The other reason to store your cryptocurrency offline is that if the price of cryptocurrency continues to rise, then it becomes more valuable. As a result, storing funds offline makes it more valuable.

If you want to get rich, do not listen to what people say about the market price of cryptocurrency and hold on to your coins so that you can sell them at a higher price later.

Your cryptocurrency wallet has two functions. One is to store your private keys, which are the cryptographic keys that allow you to spend and transfer your coins. The other is to keep track of the current value of your holdings, so that you can calculate how much money you have.
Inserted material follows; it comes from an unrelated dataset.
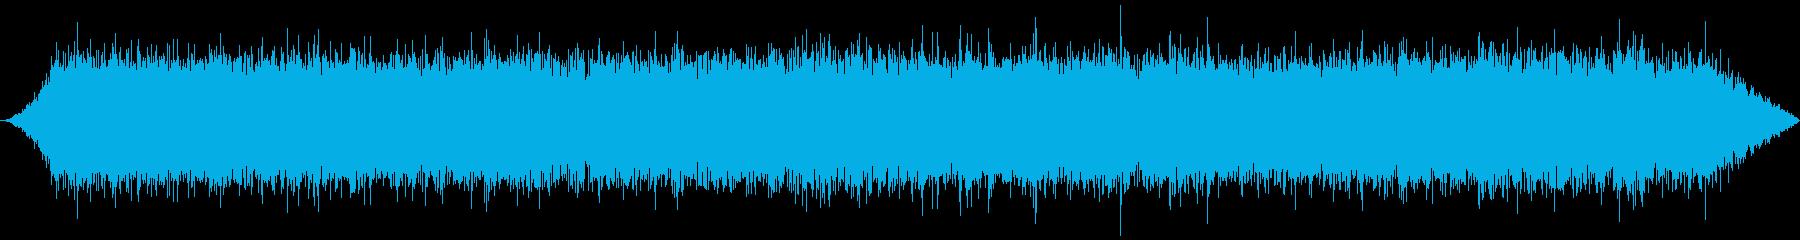 高炉:絶え間ないRo音、火のシーン...の再生済みの波形

The problem with using software for both functions is that it’s easy for hackers to steal your private keys and make a copy of them. This can be accomplished in a very simple way: just get hold of the software that uses your private keys, take a snapshot of all your coins, then put the snapshot on a USB drive and stick it in a box somewhere.

That’s what happened to the DAO project: hackers stole the private key so they could empty out the DAO’s balance sheet. It would have been even easier to do if they had taken a snapshot before they did so, but they didn’t—so they got caught.*

We often think of Bitcoin as a free money machine that anyone can use. But when you put money into Bitcoin, it is not like putting money into a bank account. Rather, it’s like putting money on a gamble. You really think that the price will rise, or you don’t. Banks and other financial institutions hold your money in trust for you, but with Bitcoin there is no one to keep an eye on your funds and make sure things work out right.

Bitcoin is a kind of digital gold standard. It is designed to be scarce and decentralized, just like real gold. It is meant to be an alternative to fiat currencies such as the dollar or the euro; it doesn’t represent any claim on physical wealth or anything of the sort. Yet it has been remarkably successful in displacing fiat currencies and becoming a commonly-used medium of exchange – even though it is worth no more than paper or computer memory.